How to cite this article: Shmuel Safrai, “Literary Languages in the Time of Jesus,” Jerusalem Perspective 31 (1991): 3-8 [https://www.jerusalemperspective.com/2563/].
Most Jewish literary activity in the first century C.E. did not take the form of written works, but rather consisted of oral compositions. This was the accepted literary mode of the Pharisees, as well as of Jesus and his early followers. The Sadducees and the Essenes may have written their Bible commentaries and halachah, but the more widely followed Pharisees generally did not. The few written works emanating from Pharisaic circles or groups close to them, such as Megillat Ta‘anit (Scroll of Fasts) or apocryphal works such as 4 Ezra (= 2 Esdras) or the Syriac Apocalypse of Baruch, were certainly a minority.
Teaching, both in large and small groups, was based on oral instruction and not on the reading of texts. Rabbinic sources describe instruction in the synagogue as oral. Synagogal literature such as prayers can be considered part of the literary activity of the time, and this genre likewise began as oral literature.

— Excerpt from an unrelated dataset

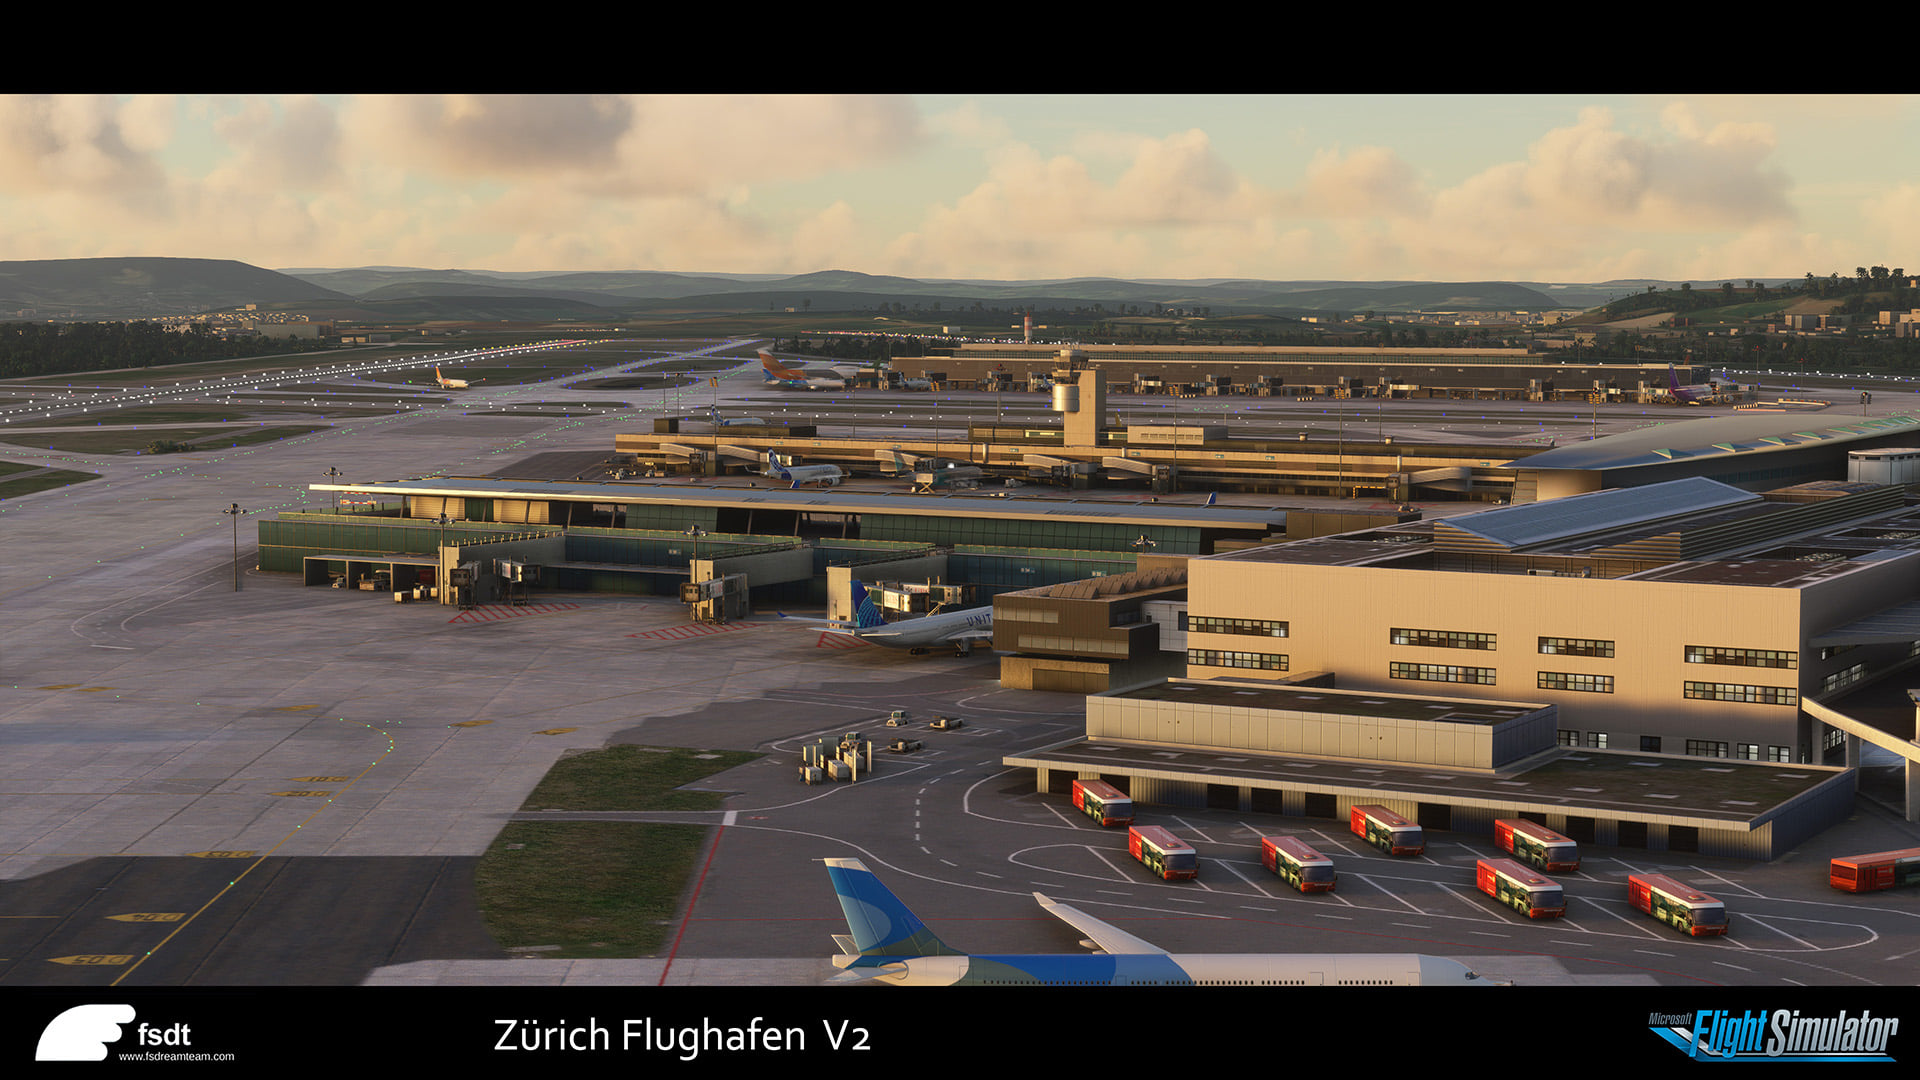 Zurich airport msfs 3

The documentation of this oral literature took place after the period under discussion here. The first stages of the editing of the Mishnah by Rabbi Yehudah ha-Nasi, and apparently its final redaction as well, took place at the end of the second and the beginning of the third century C.E. In the first century C.E., the literary activity of the sages was oral and their literary creations were transmitted orally. Although it is probable that students sometimes took notes when their teacher taught (rabbinic sources only give evidence of this practice beginning in the second century C.E.), it is necessary to stress that the majority of teaching and study was oral.